1973’te İngiltere Sheffield’da kurulan, endüstriyel müzik, post punk, elektro, tekno tarzlarını benimseyen Cabaret Voltaire; 26 yıllık aranın ardından, 1994’te çıkan The Conversation’dan sonra Shadow of Fear ile dinleyicilerine ben burdayım demeye devam ediyor.
Adını Dada’nın doğduğu Zürih’teki Cabaret Voltaire adlı gece kulübünden alan grup; vokal ve basta Stephen Mallinder, klavyede Chris Watson ve sonradan grubun ta kendisi haline gelecek olan Richard H. Kirk tarafından kurulmuş. İsimleri gibi müzikleri de başta dadanın deneyselliğinden payını almış. 1979’daki ilk stüdyo albümleri Mix-Up’a dek de bu deneysel kayıtları yayınlayarak -bir Marcel Duchamp’ın pisuar örneği kadar olmasa da- kendi alanlarına, elektronik müziğe, yenilikçi bir ses getirmişler. 1981’de Chris Watson, 1994’te Stephen Mallinder’ın gruptan ayrılmasıyla tek kişiye indirgenmiş olan Cabaret Voltaire, popülerliğe Dadaist başkaldırısını hala sürdürmeye kararlı görünüyor. Kirk’ün bir röportajında “Gelip en büyük hitleri duyacağınızı düşünüyorsanız gelmeyin!” demesi de bunu kanıtlar nitelikte.
Şarkılarına eşlik eden dinleyicileri hiçbir şeyi düşünmeden dans ettirmek Cabaret Voltaire’e uyan bir hedef değil. Çünkü onlar şarkılarında basına, komplo teorilerine, politikaya, uyuşturucuya kısacası bir paranoya dünyasına dalarak aslında dinleyenlerini sadece eğlenmeye değil, bir o kadar da düşünmeye itme amacında.
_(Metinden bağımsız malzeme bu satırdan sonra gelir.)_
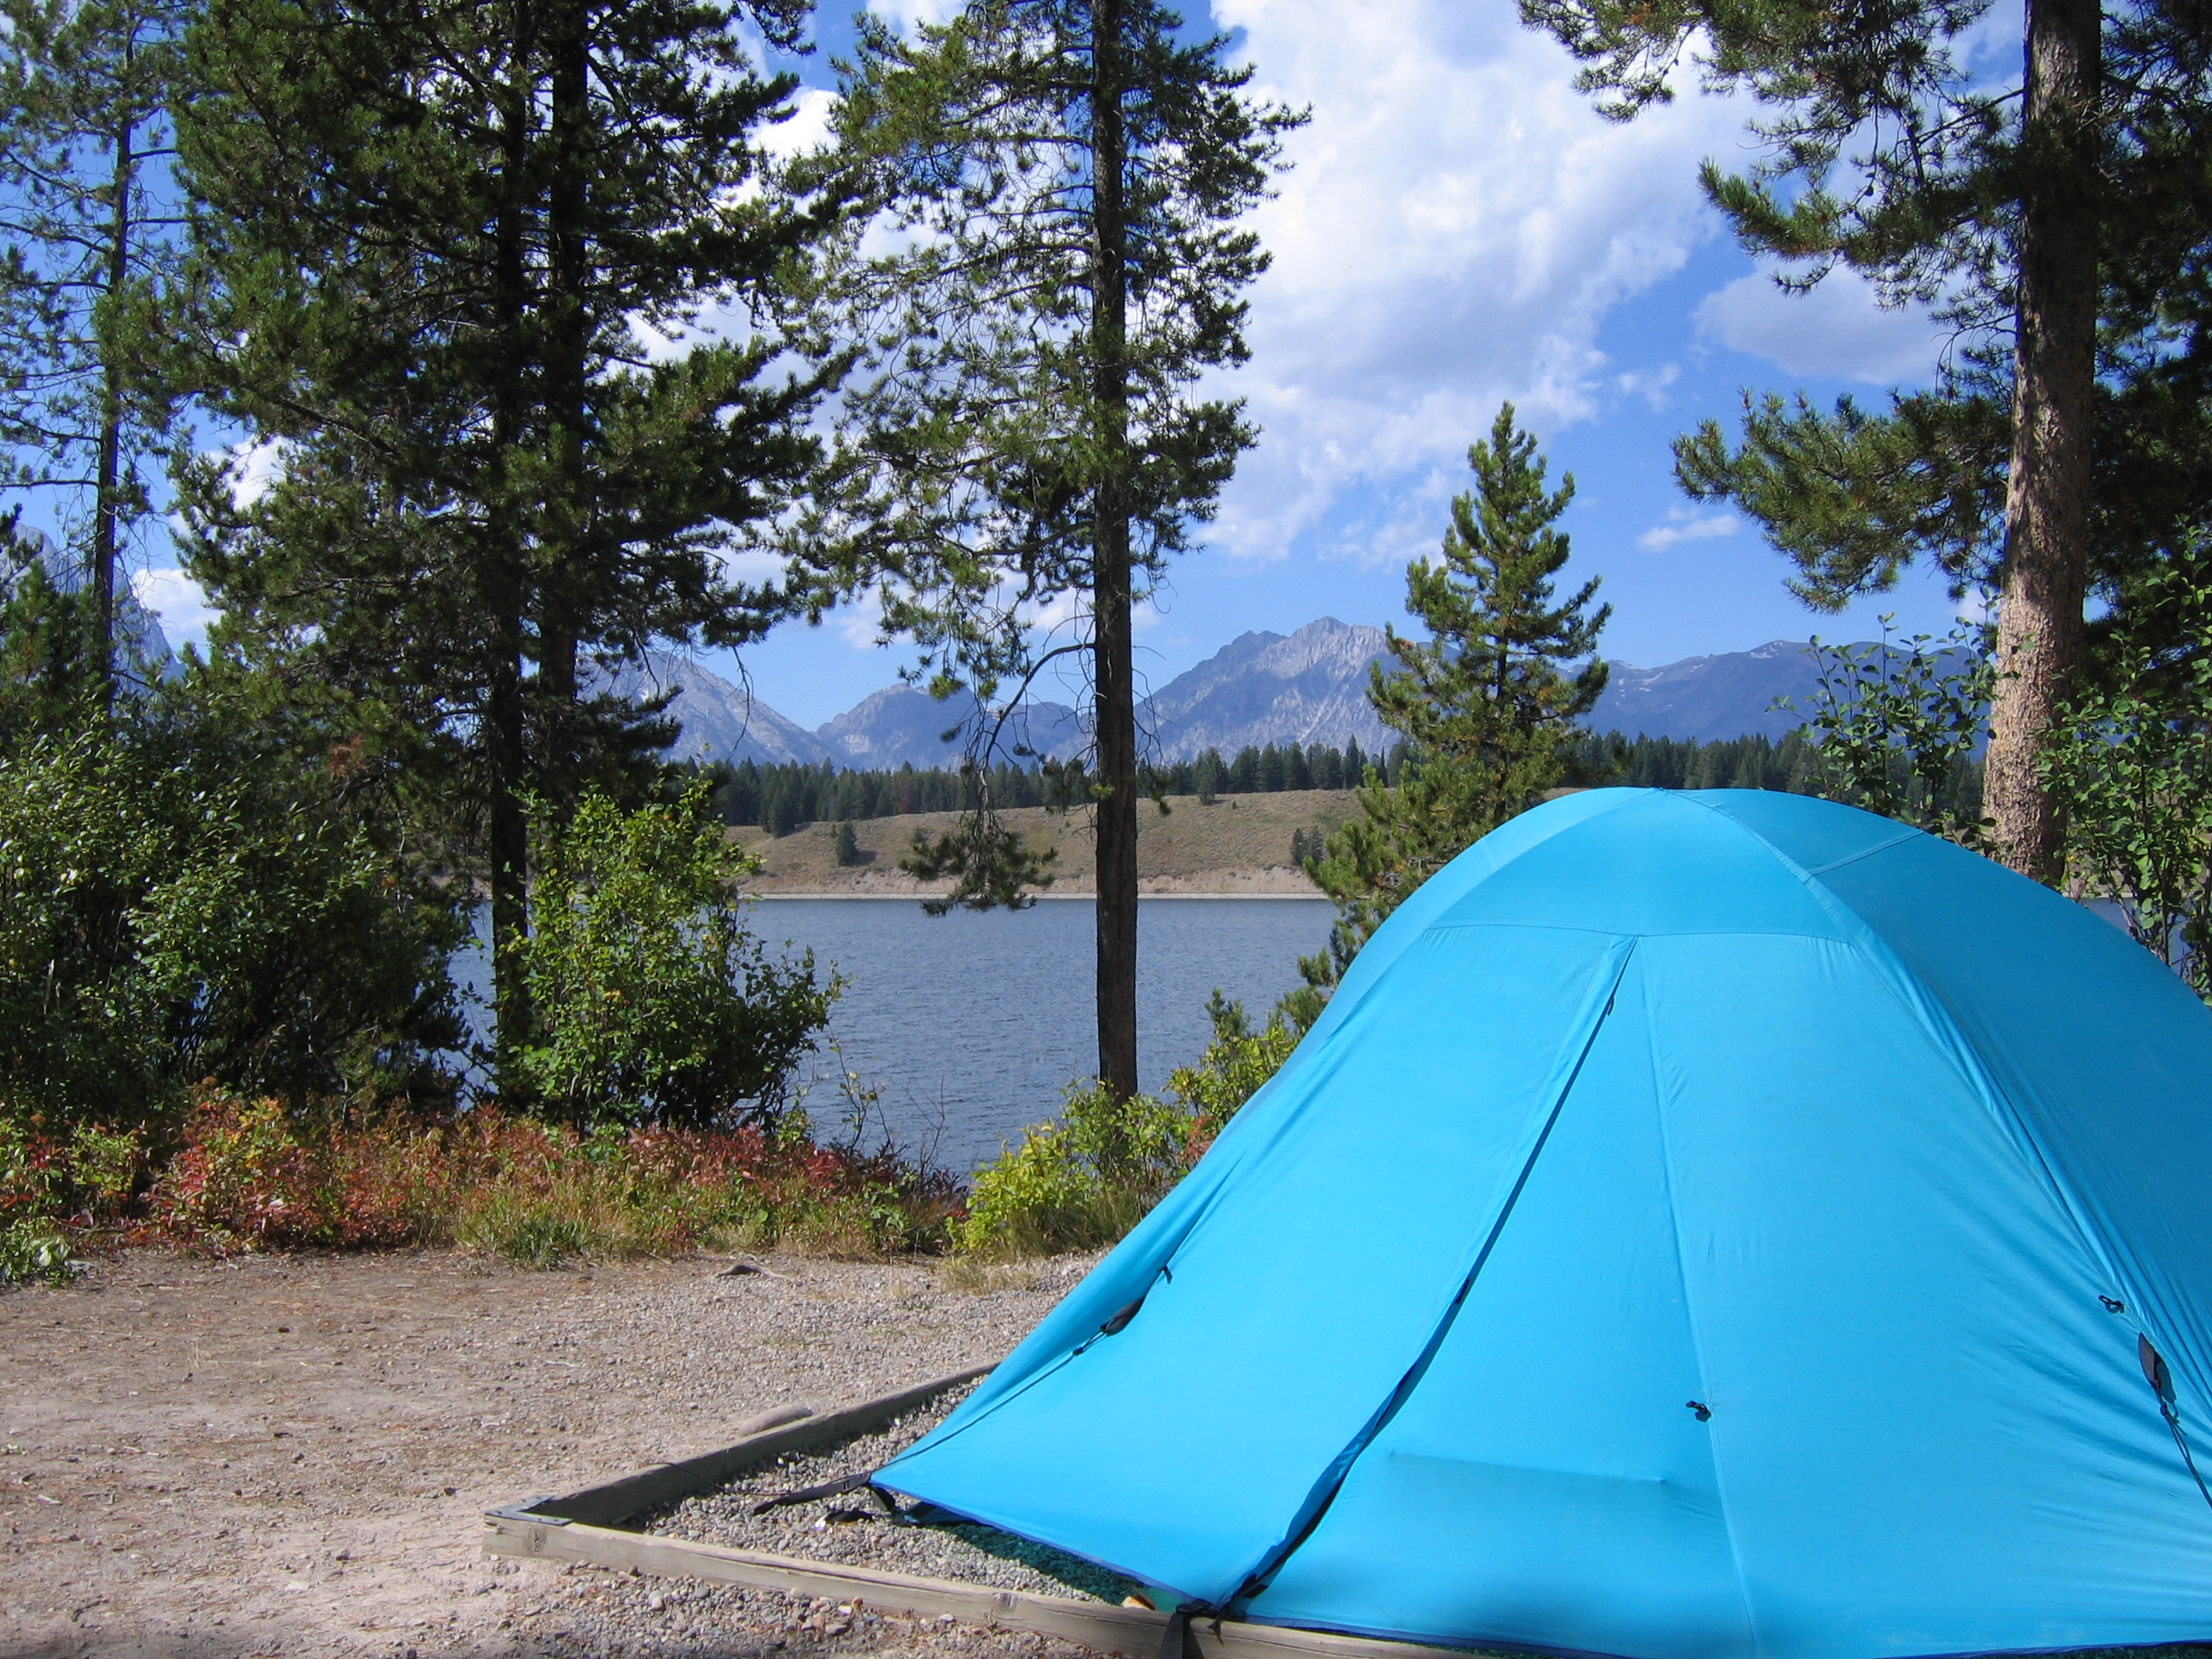 Blue tent with Jackson Lake and the Teton Range in the background

Bu ideolojileri zaman içerisinde daha anlaşılır hale gelmiş olmalı ki 1990’lara gelindiğinde yaşayan post-punk efsaneleri arasında anılmaya başlanmışlar. 1981 çıkışlı “Spread the Virus” şarkısı bile her ne kadar onların distopik fantezilerinin bir eseri olsa da gelecekte kendilerine yer bulacaklarının haklı bir habercisi gibiymiş.
Shadow of Fear ise günümüz atmosferinde eski synth ve davul makinelerine bağlı kalmış, gerilim filmi tadında bir vurmalı saldırı adeta. Aslında Kirk grubun tek temsilcisi olarak grubu yaşatmayı değil, müzikal anlamda çığır açmayı amaçlıyor. Müzikteki teknolojik gelişmelere kapılıp gitmeyi sanatsal kaygılar sebebiyle reddeden tutumu; daha çok özgünlüğünden ödün vermeyen, gerilim filmi tadında bir Cabaret Voltaire albümü ile sonuçlanmış. “Universal Energy” albümde elektronik müziğin evrimine en çok ayak uyduran şarkı olarak dikkat çekerken, “Papa Nine Zero Delta United” ritimleriyle “Nag Nag Nag“’ i, bir öze dönüşü anımsatıyor. Her yönüyle Shadow of Fear, huzursuzluğuna huzursuzluk katmak isteyenler için bire bir gibi.